Tested a couple type of single cell li-ion batteries that were sitting on my desk (my understanding is that li-ion and lipo batteries are similar chemically - differing in packaging technology).

2x parallel 18650 2000mAh salvaged from four year old laptop battery pack (or some cordless drills, etc..) - these came out pretty much as expected, less than .1ohms series impedance, handled 2A current draw well and capacity measured at over 90% of specification (picture in gallery - labeled 2x 18650).

18650 10000mAh (GTL - from china ~2/ea) -  these also came out pretty much as expected I suppose. Series impedance ~0.7ohms, does not handle 1A+ current draw at all well and rated capacity overstated by ~50x! The batteries weigh about half as much as the above batteries (hint hint). It looks as though you could drag about 200mAh out of this battery if discharge current rate < 100mA. I guess you gets what you pays, the batteries that were scavenged from four year old laptop battery pack have at least 10x the capacity, 10x less series impedance and able to handle at least 20x the discharge rate.

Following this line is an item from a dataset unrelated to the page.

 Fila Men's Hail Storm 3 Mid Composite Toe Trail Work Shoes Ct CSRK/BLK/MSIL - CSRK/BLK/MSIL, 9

16340 1800mAh (UltraFire - from china ~$2/ea) - Similar to above battery with about half as much capacity, capacity only overstated by 2000%.

Note - I like the 18650 batteries scavenged from old laptop battery packs along with a module charger (search ebay "5V Micro USB 16340 18650 lithium Battery Shield V3 ESP32 Battery Holder Module") for powering esp projects, very convenient module with usb charging and 3 and 5v regulated outputs all built in for about $3.

1/10/2020 - Got the charger breadboarded and working on the GTL 18650 battery, battery started at 3.52 volts and after a half hour of 200mA charging rest voltage of battery was 3.99v, confirming a total charge capacity of about 200mAh (2% of advertised capacity - wow). 

1/11/2020 - Added a screen shot of 18650 battery being charged at one amp with 0.5mAh of charge current. On the graphic the red line is the battery voltage, the black line is the voltage across the FET and the green line is the voltage across the 0.51 ohm source follower resistance, the current is controlled by changing gate voltage so that the correct voltage across the resistor is obtained. Notice that the charging current is off several times during this trace, this is where the voltage across the source follower is zero volts. In order for the charging current to flow into the battery the voltage has to be increased by about a quarter of a volt in this case, in order to monitor the charging state of the battery the current is shut off to read the voltage - the battery will be charged until the zero current voltage reaches ~4.2 volts. Notice on the graph that the zero charging current voltage was measured at several intervals, between these points 1 Amp of current was pushed into the battery - as the total number of electrons pushed into the battery increased (mAh) so did the battery voltage.

Explanation of noise - The noise on the right hand side of the graph is an artifact of my data decimation process. Data is collected every second until the number of points graphed reaches 128, at that point the 128 points are averaged to produce 64 points and every second data point is graphed and the time scale adjusted, this process is iterated so that the the entire interval from start is stored in the esp data table. The graph shows single measurement points for the latest collected data while the data at the beginning of the graph has been averaged over 16 samples in this case. I should probably modify the program to average the collected data instead of tossing 15 of 16 measurements on the right hand side.

1/14/2020 - Decided to build with built-in 20 ohm switchable load power resister with ability to add external load to battery power socket. For a power supply plan on using an external adjustable voltage supply with help from web page to adjust the optimum voltage. Both of these choices were made in order to simplify the management of waste power within the unit - figure I can handle a few watts within the unit that I build much easier than trying to handle up to fifty watts. 

1/25/2020 - Tried out EasyEDA for the first time. Loaded in schematic, designed PCB and ordered from JLC ($2 + $6.33 shipping - show take about three weeks).